What annual return is needed to double money in 5 years?

To double your invested money in 5 years, you need an annual return of about 14.87% compounded annually. This level of return is very high and difficult to achieve consistently in most regulated financial products. Even equity markets, while capable of such returns in some periods, do not guarantee them. Traditional life insurance plans offered by LIC are not structured for aggressive compounding. LIC life insurance plans focus on capital protection, bonuses, and steady long-term accumulation rather than rapid wealth growth.

What is the Rule of 72, and how does it work?

The Rule of 72 is a simple and easy way to estimate how long your money takes to double. You divide 72 by the expected annual return. For example, at an 8% return, money doubles in about 9 years. If you want to double in 5 years, the approximate required return is about 14.4%. This rule shows why fast-doubling claims are unrealistic for conservative investments. It is a quick mental tool to understand compounding and compare different financial products.

How long does it take to double money at a 5% return?

At a 5% annual return, your money will take about 14.4 years to double, if we go by the Rule of 72. This assumes steady compounding over time without any kind of interruptions. LIC traditional life insurance plans usually deliver returns in the 4.5% to 6% range, depending on bonuses and policy structure. That means doubling typically takes well over a decade. This makes the idea of doubling in 5 years unrealistic for low-risk insurance or fixed-income style investments.

What does 5 years refer to in LIC premium payment terms?

In many LIC life insurance policies, the 5-year period refers only to how long you pay premiums, not how long the policy runs. The policy itself may continue for 15, 20, or even 30 years. Benefits are paid at maturity or during the policy term, depending on the plan. This difference often creates confusion. LIC agents sometimes tend to highlight the short premium payment period, which can mislead buyers into assuming the entire policy benefit is linked to 5 years.

What is the internal rate of return (IRR) on LIC traditional plans?

LIC traditional plans usually deliver an internal rate of return in the range of 4.5% to 6% after tax, depending on policy type, tenure, and bonus performance. Internal rate of return measures the true annual return by considering all premiums paid and total benefits received. This includes maturity value, guaranteed additions, and bonuses. It is a more accurate measure than headline maturity figures. LIC life insurance plans are designed for stability and protection, not high or aggressive investment growth.

How do LIC plans compare with fixed deposits and National Savings Certificate?

Fixed deposits typically offer returns of 4% to 7%, depending on the bank and tenure. The National Saving Certificate offers similar government-backed returns. LIC traditional plans also fall in a comparable range of 4.5% to 6% IRR, but include life insurance cover as an added benefit. However, liquidity is lower in insurance plans compared to fixed deposits. The key difference is that LIC combines protection with savings, while fixed deposits and the National Savings Certificate focus purely on investment returns.

What do IRDAI rules say about return illustrations?
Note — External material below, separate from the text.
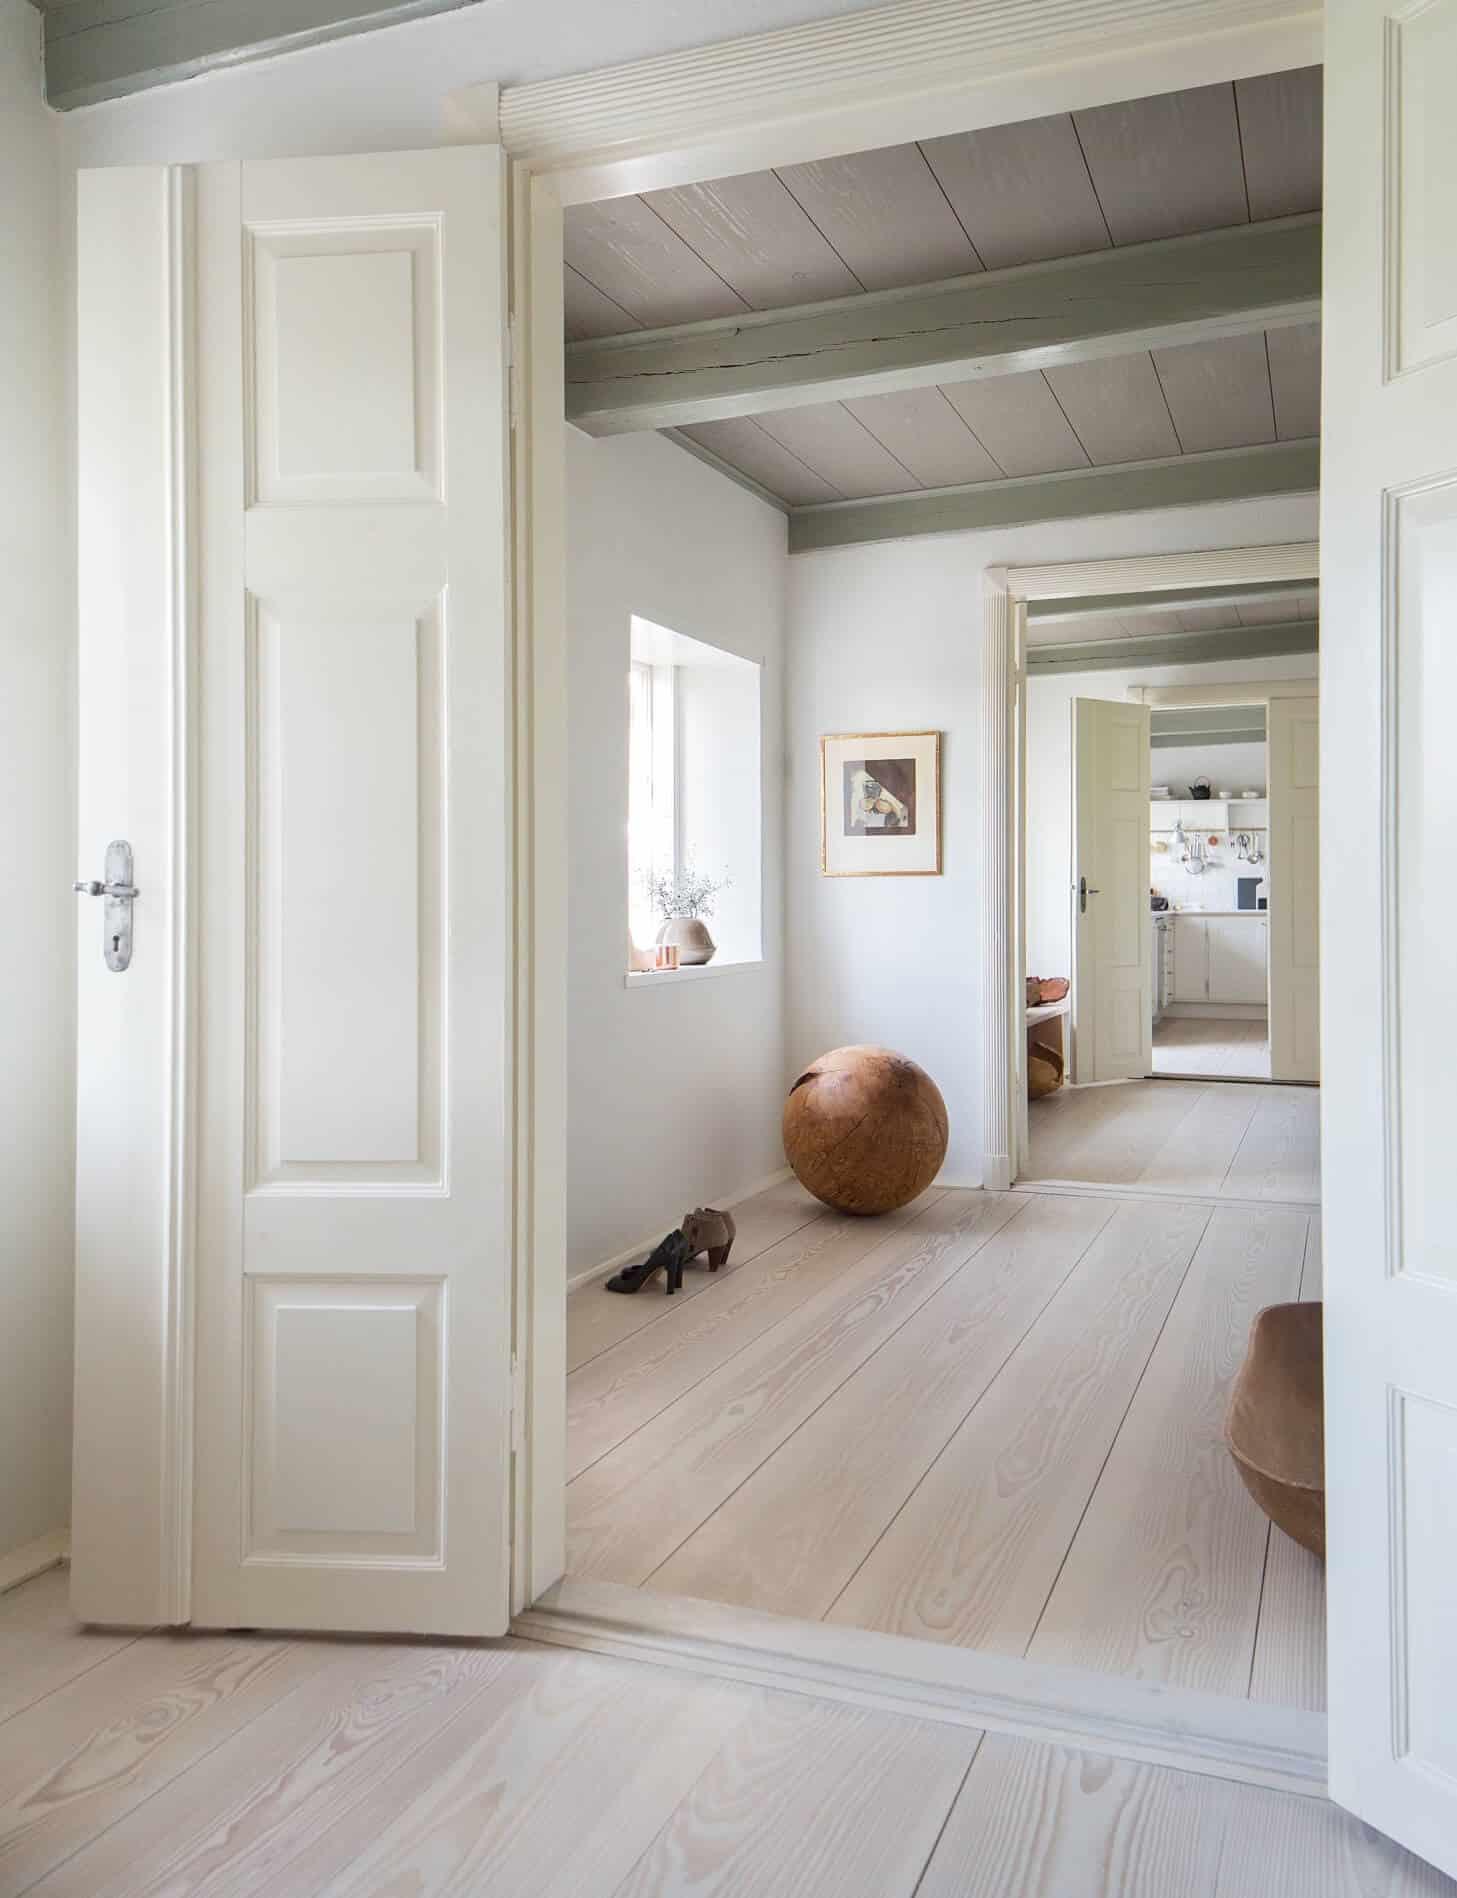 Thiết kế cửa tối giản nhưng hiện đại, sang trọng

IRDAI requires insurers to show standard illustrations using 4% and 8% assumed returns. These are only reference values, not guarantees. They help customers compare different policies on a uniform basis. Actual returns depend on bonus declarations, policy performance, and company experience. Misinterpreting these illustrations as fixed returns leads to confusion. The regulator clearly states that these figures are indicative and not promises of actual maturity value. Always evaluate a policy using its likely IRR and actual benefit structure rather than illustrative projections alone.